[INPUT DATA]
····················

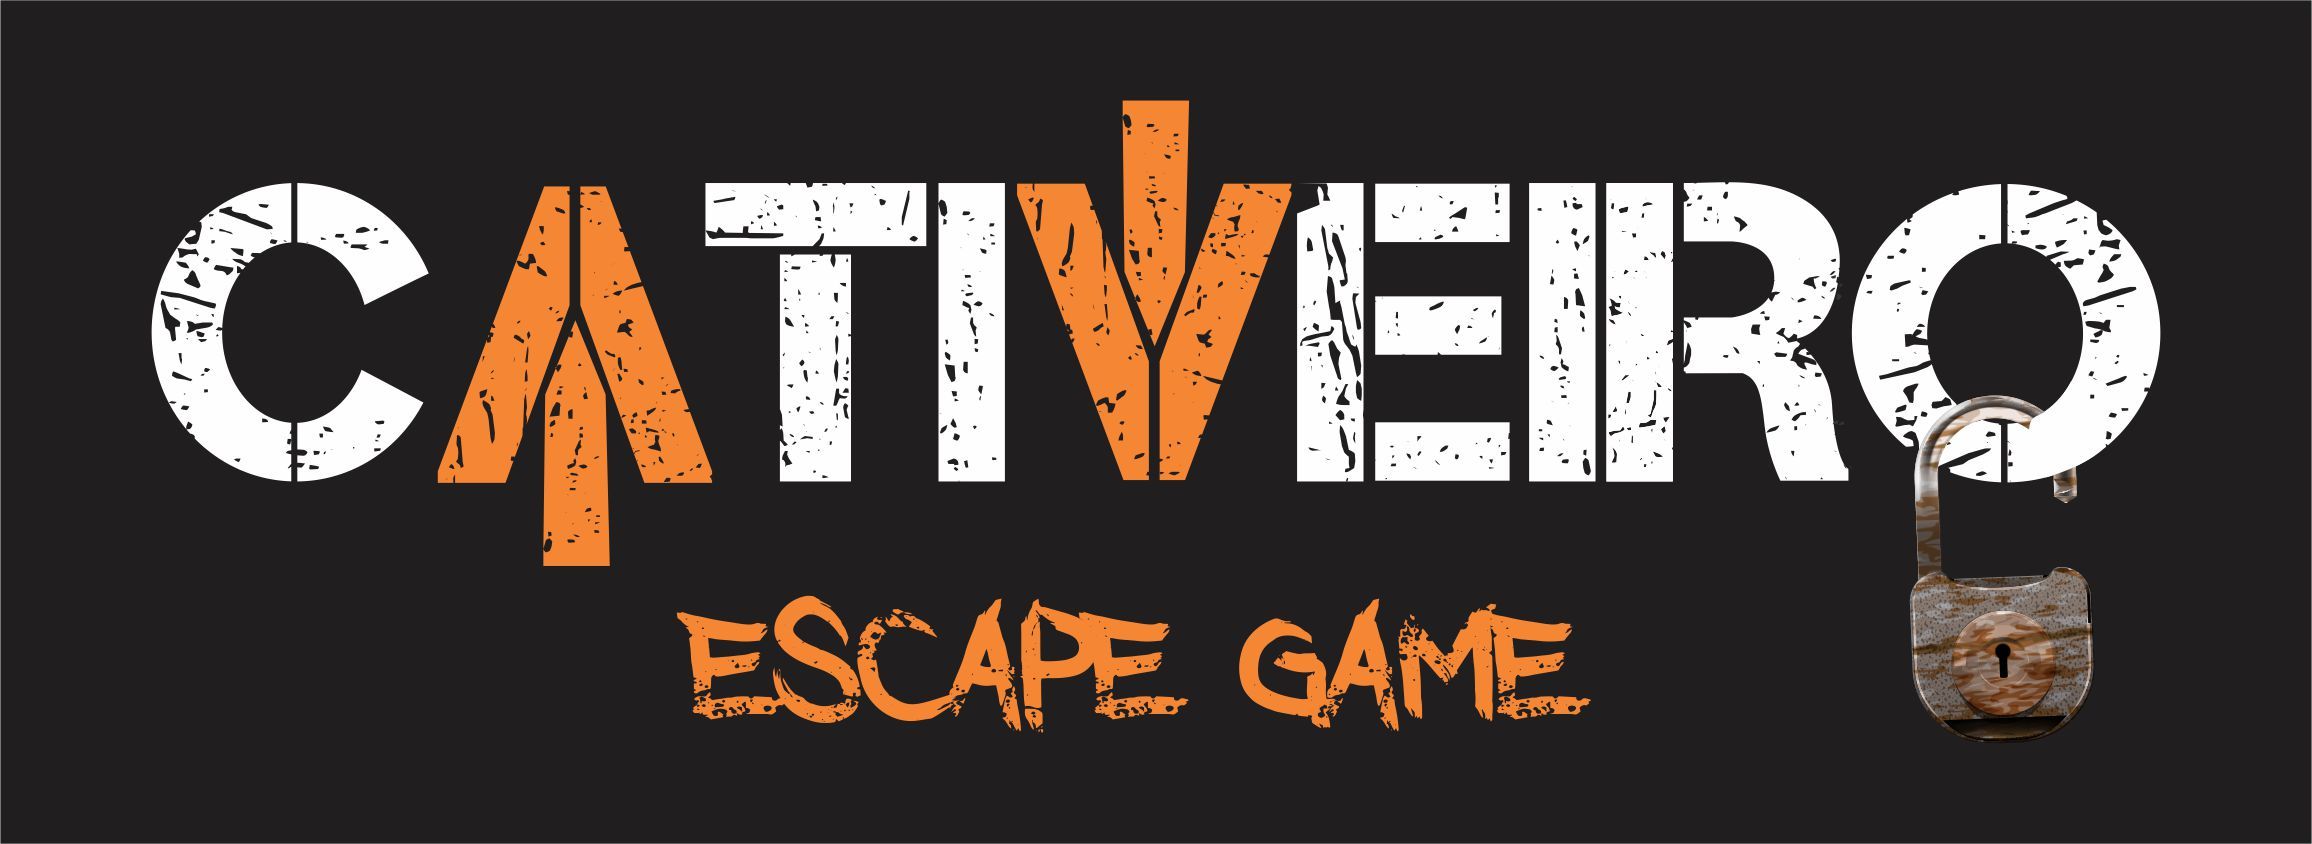 12 Jogos Escape Room Online para tentarem escapar sem sair de
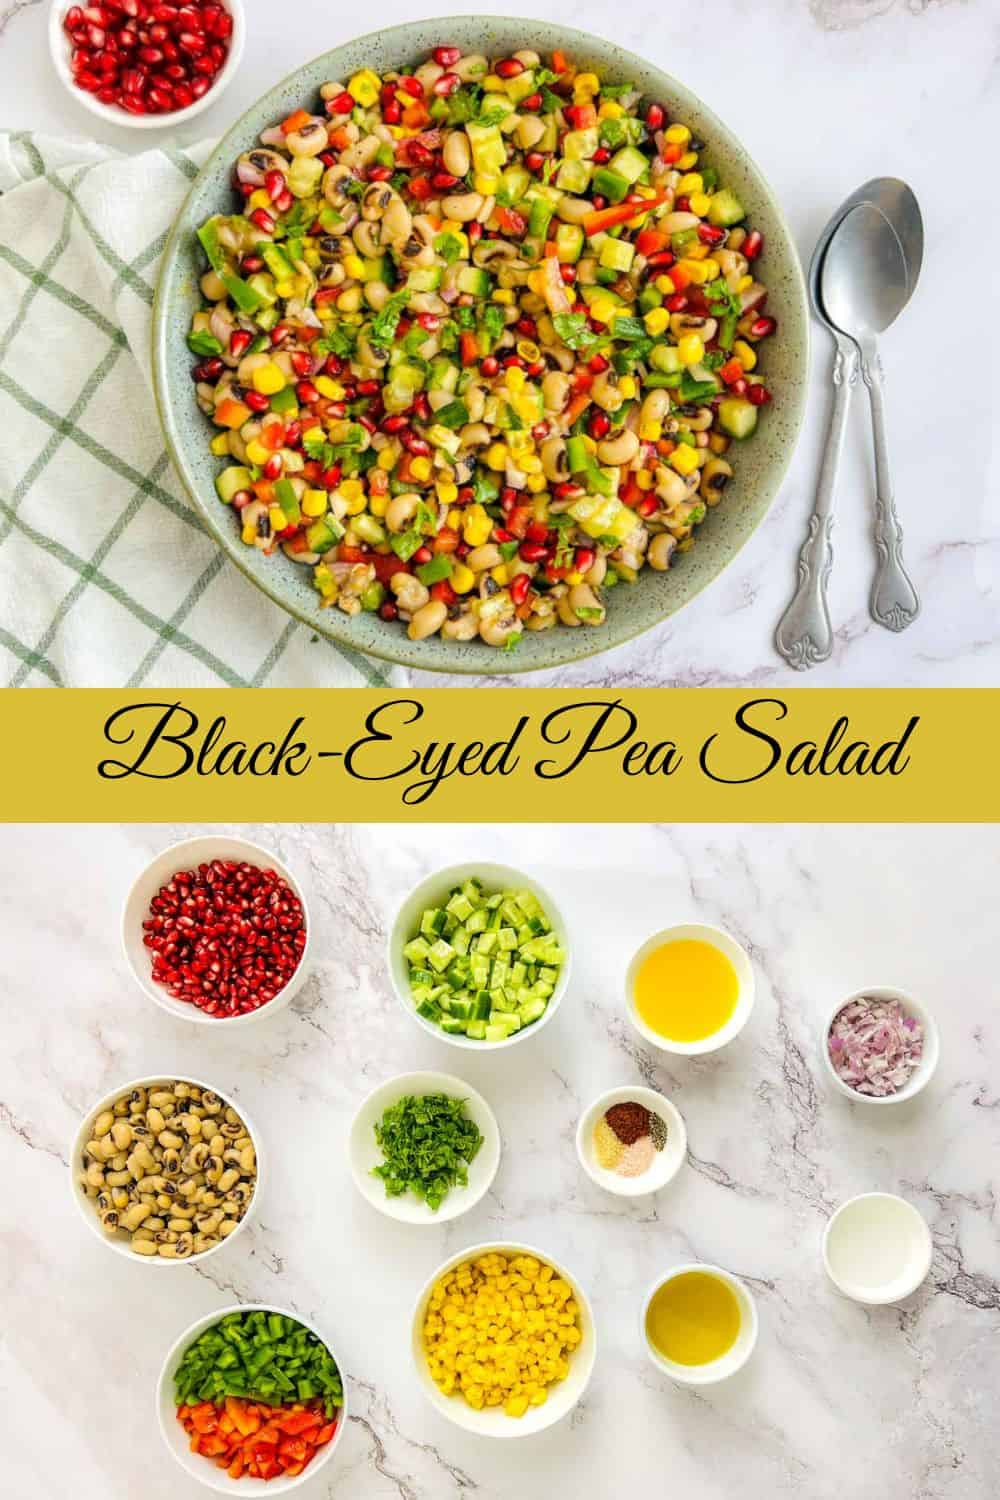 Black eyed peas salad Pinterest image.
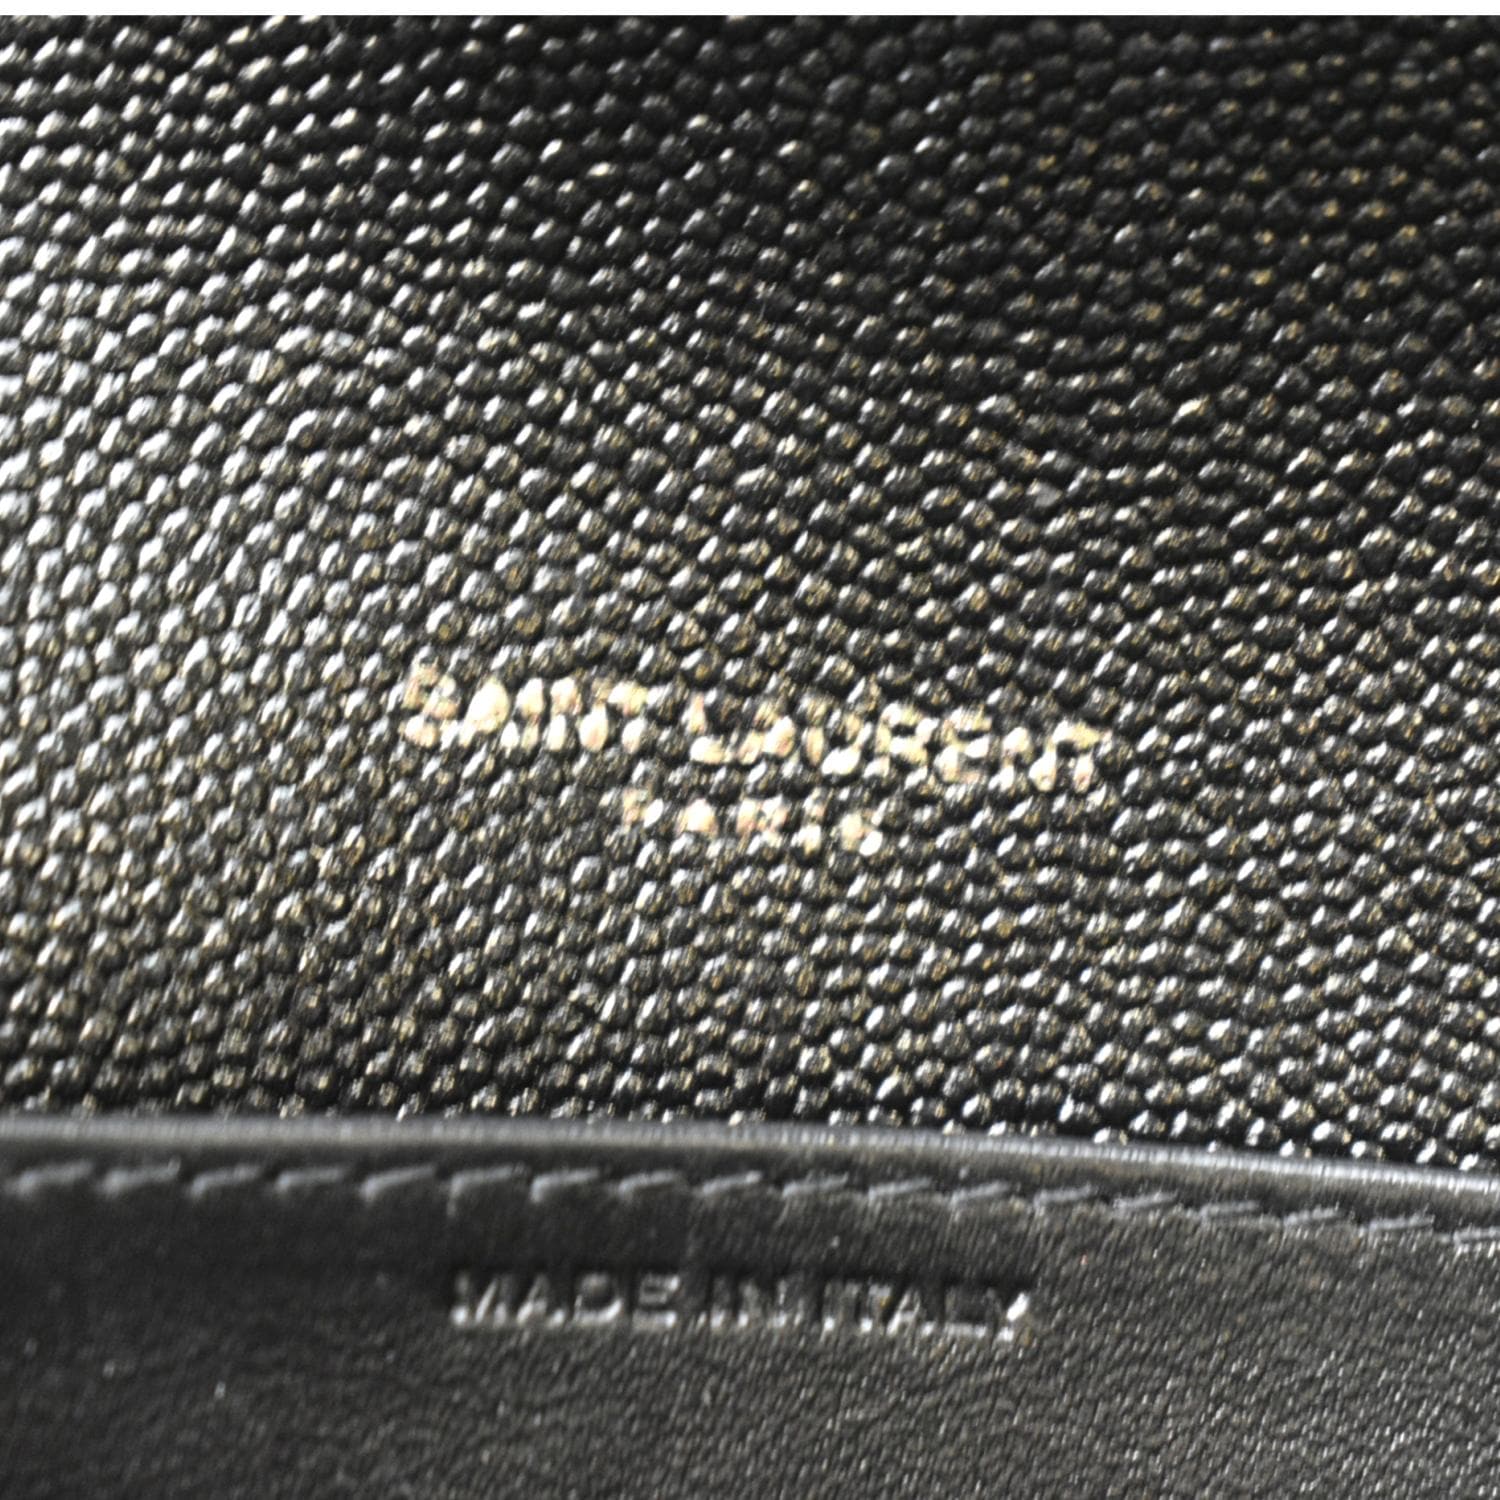 Ysl Saint Laurent slp woman chain flap bag original leather

····················

[REQUIREMENT] Would you return all the data exactly as given, minus the pictures?

[FINISHED EXERCISE]
 12 Jogos Escape Room Online para tentarem escapar sem sair de
 Black eyed peas salad Pinterest image.
 Ysl Saint Laurent slp woman chain flap bag original leather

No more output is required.